# Snapper Rod Blank



## M213690H (Jan 23, 2014)

Looking to build a rod for going out on 10hr party boats out of Galveston. Mainly going for snapper and such. I hate the heavy, cheap, abused rods supplied and am hoping to take more trips in the future. 

Anyway could yall suggest a good blank that won't break the bank and have a good feel to it for such fish. I like to enjoy the fight not horse em up.

Thanks!!!


----------



## Silverfox1 (Feb 21, 2007)

look at Batsons Rainshadow E glass blanks


----------



## justindfish (Aug 12, 2005)

What reel will you be using?


----------



## Fishsurfer (Dec 14, 2014)

Remember, the longer a fish stays on your line offshore the greater the chance of a barracuda or a shark taking it. You will get a good fight right till you pull the hooked lips up to the boat without the rest of the fish. The rod I believe you are thinking of would be better suited for pelagic fish and not demersal. You want to be able to get it up to the boat ASAP.


----------



## M213690H (Jan 23, 2014)

Thanks for the information. I will be using a penn peer 209 that I am rebuilding.


----------



## Batson-Brands (Jan 22, 2015)

M213690H said:


> Looking to build a rod for going out on 10hr party boats out of Galveston. Mainly going for snapper and such. I hate the heavy, cheap, abused rods supplied and am hoping to take more trips in the future.
> 
> Anyway could yall suggest a good blank that won't break the bank and have a good feel to it for such fish. I like to enjoy the fight not horse em up.
> 
> Thanks!!!


The info given up above is good. However here is the information that you requested.

Either a RainShadow Popping or a CrankBait will do great. Just depends on your price range. 
$100+ = Immortal Popping
$100-$50 = RX7 Popping
$65-$40=RX7 Crankbait

http://www.rainshadowrodblanks.com


----------



## Silverfox1 (Feb 21, 2007)

*Blanks*



Batson-Brands said:


> The info given up above is good. However here is the information that you requested.
> 
> Either a RainShadow Popping or a CrankBait will do great. Just depends on your price range.
> $100+ = Immortal Popping
> ...


I was thinking more in the SWB70M or ML for a snapper rod.


----------



## justindfish (Aug 12, 2005)

Rainshadow RCKJB600-210 very parabolic rod but with power great for snapper.


----------



## justindfish (Aug 12, 2005)

I just built one but haven't fished it yet it fells good though.


----------



## MikeK (Dec 11, 2008)

For bottom fishing I really like the Lamiglas CGBT841ML but the last one I built was about 5 years ago and the price has gone up a bit.

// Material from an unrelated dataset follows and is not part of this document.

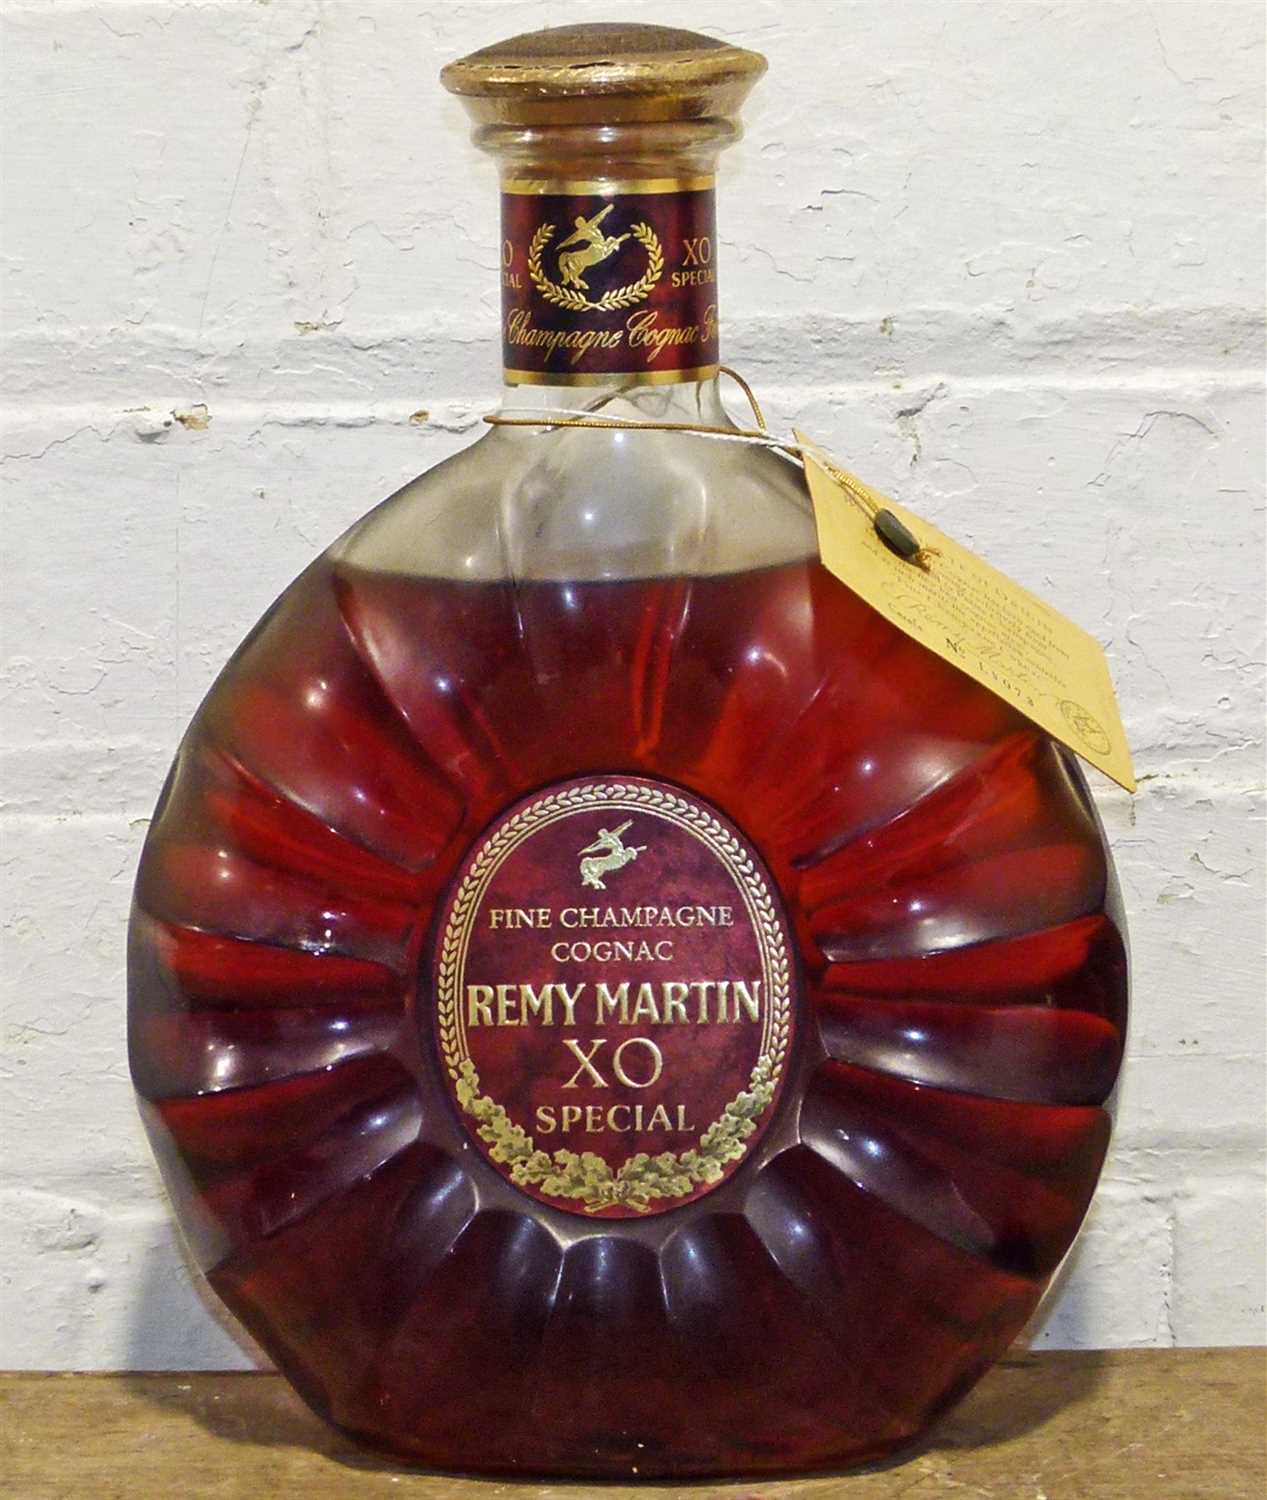 Lot 66 - 1 x 1.5 Litre ‘Carafe’ Bottle Cognac Remy Martin XO Special with Certificate (Carafe No. LV 073

I knew a fellow who fished for snapper around the rigs off Alabama. Bites were usually way up in the water not on the bottom. He loved one of the original GUSA blanks . . . I think the model was C704DHX.


----------



## M213690H (Jan 23, 2014)

Tons of great information thanks for the quick responses!! I was headed toward lamiglas although @justindfish I really like the numbers on that rainshadow rckjb600-210. Think I am gonna go that route.


----------



## justindfish (Aug 12, 2005)

I just looked at the numbers again and realized I have the RCKJB600-325 in 6' not the 210. 
I was actually trying to show you this blank RCKJB700-250 its my other blank got mixed up with all the numbers and which I have. But if I was using a 209 I would still use my original suggestion. Only go 600-325 if you see yourself using a different reel latter on its pretty stout I'll be fishing it 18+ lbs of drag. The 700-250 is a foot longer and can handle 18lbs easy I'll fish it 12-18lbs will be used with a lexa 400 about the most versatile combo a person could have. . The 209 being good for about 10lbs of drag the 600-210 should work great but most likely not going to fish much more. 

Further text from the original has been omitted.